- Born: Octavio Ramos Pumarejo October 12, 1932 Caguas, Puerto Rico
- Died: September 12, 2016 (aged 83) Río Piedras, Puerto Rico
- Occupations: comedian; singer;
- Allegiance: United States
- Branch: United States Army

= Tavín Pumarejo =

Puerto Rican comedian and singer (1932–2016)

Octavio Ramos Pumarejo (October 12, 1932 – September 12, 2016), known professionally as Tavín Pumarejo, was a Puerto Rican jíbaro singer and comedian. While better known for his work as a comedy actor on Puerto Rican television, Pumarejo released 16 albums of Puerto Rican music, with some of them becoming major hits in the island.

==Biography==
Ramos Pumarejo was born on October 12, 1932, in Río Cañas, a barrio in Caguas, Puerto Rico, located closer to the mountain area of Caguas than from downtown San Juan. Having grown up in the mountains, Pumarejo identified himself with the Puerto Rican country people (known as jíbaro) more than with the metropolitan people who are always associated with San Juan. Graduated from Gautier Benítez High School.

Ramos Pumarejo who served in the United States Army started to work on Puerto Rican television when producer Paquito Cordero began producing a noon variety show called El Show de las 12 on Telemundo Puerto Rico, WKAQ-TV. To ensure that the public remembered him, he used his relatively uncommon maternal last name as part of his stage name. Like other popular Puerto Rican characters (José Miguel Agrelot's "Don Cholito", and Machuchal), Pumarejo donned a "pava" (a Puerto Rican peasant straw hat) for his television appearances. The pava became a staple in Pumarejo's life, as he began using it in almost every personal appearance and in interviews with newspapers and magazines. Pumarejo also earned the nickname of "El Hígado de Ganso" ("The Goose's Liver", or more accurately, foie gras).

Pumarejo was well known for his self-deprecating sense of humor and physical comedy style, which closely resembled that of a young Jerry Lewis. He was also a stutterer, something to which he constantly made humorous references in his live performances. For example, he claimed that a television comedy sketch featuring himself, Adrián García and Marcos Betancourt, all stammerers, would be four hours long.

Pumarejo was usually backed by his longtime musical combo, the Río Cañas Sound Machine (a spoof of the Miami Sound Machine, Harry Fraticelli was a member). In 1985, Pumarejo scored a Christmas music chart-topper, with his song "La Finquita" ("The Little Farm"), this time backed by the Conjunto Quisqueya, a very successful merengue band of Dominicans. It was a number one hit in Puerto Rican radio for about eight consecutive weeks, and the album was also one of the year's best selling Christmas album in Puerto Rico, along with Tony Croatto's, which contained the famous song, "Se Llama Jesús".

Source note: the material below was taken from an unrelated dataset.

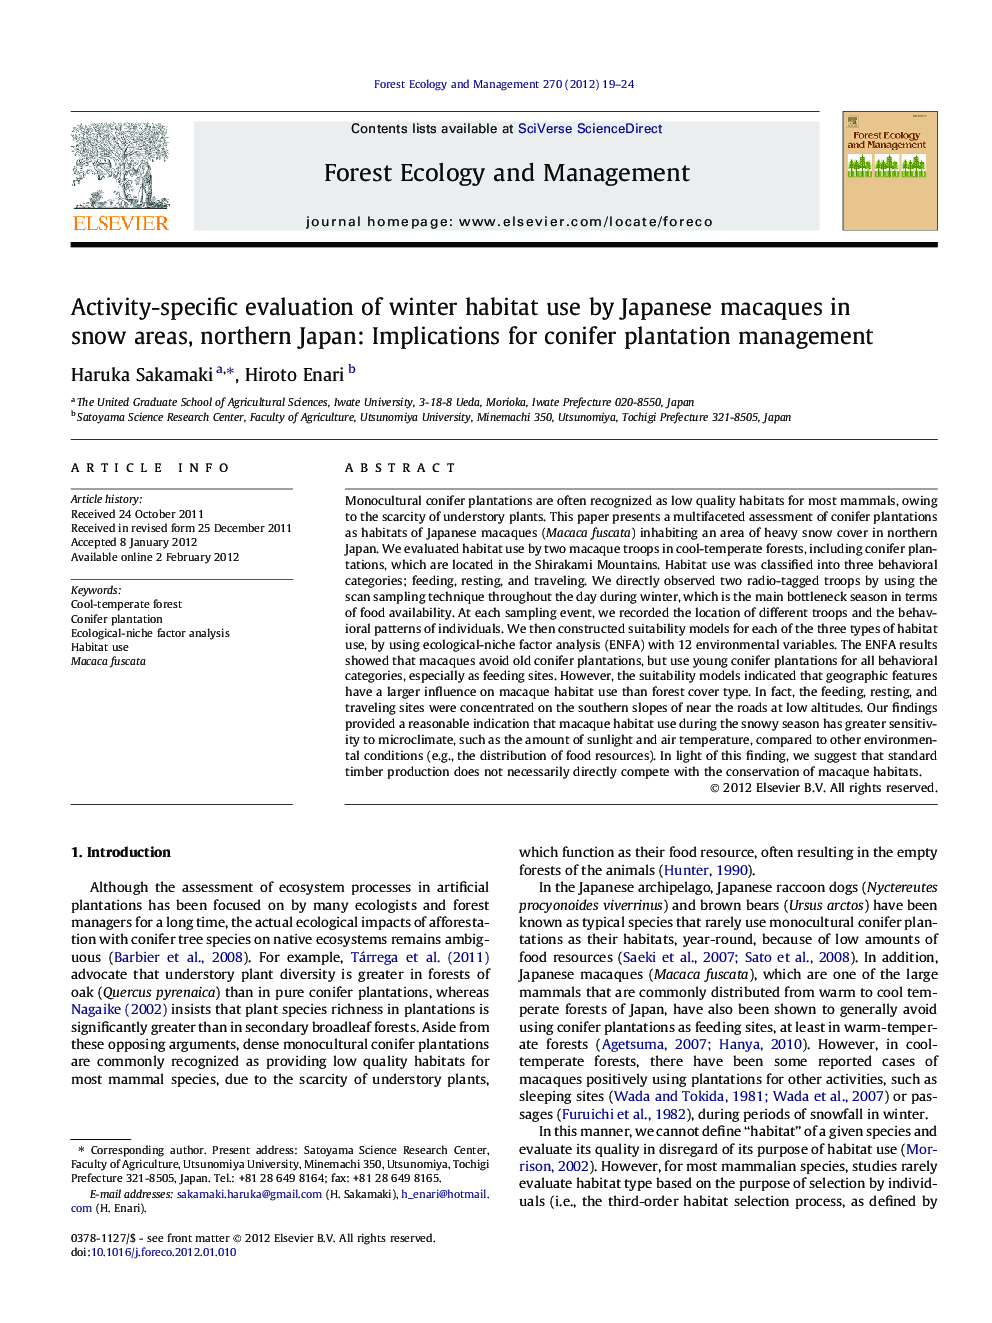 Activity-specific evaluation of winter habitat use by Japanese macaques in snow areas, northern Japan: Implications for conifer plantation management

Outside of his musical career, Pumarejo was also a very successful medical sales representative for Novartis International AG, for over thirty years (he retired prior to his death). He once had Novartis sponsor his television slot in El Show de las 12, and joked that only Novartis' product Maalox could be an appropriate sponsor, since he was the most "maalox" (malo is Spanish for "bad") singer ever.

During the 1970s, Pumarejo also advertised Texaco on Puerto Rican television, alongside a popular Puerto Rican girl group of the time named Las Caribelles.

Tavin Pumarejo died September 12, 2016, at the San Juan Veterans Administration Medical Center in Río Piedras, Puerto Rico after a long illness. He was survived by his wife Vilma Viñas and two daughters Iris and Vilma. He was buried at Cementerio Borinquen Memorial in Caguas, Puerto Rico.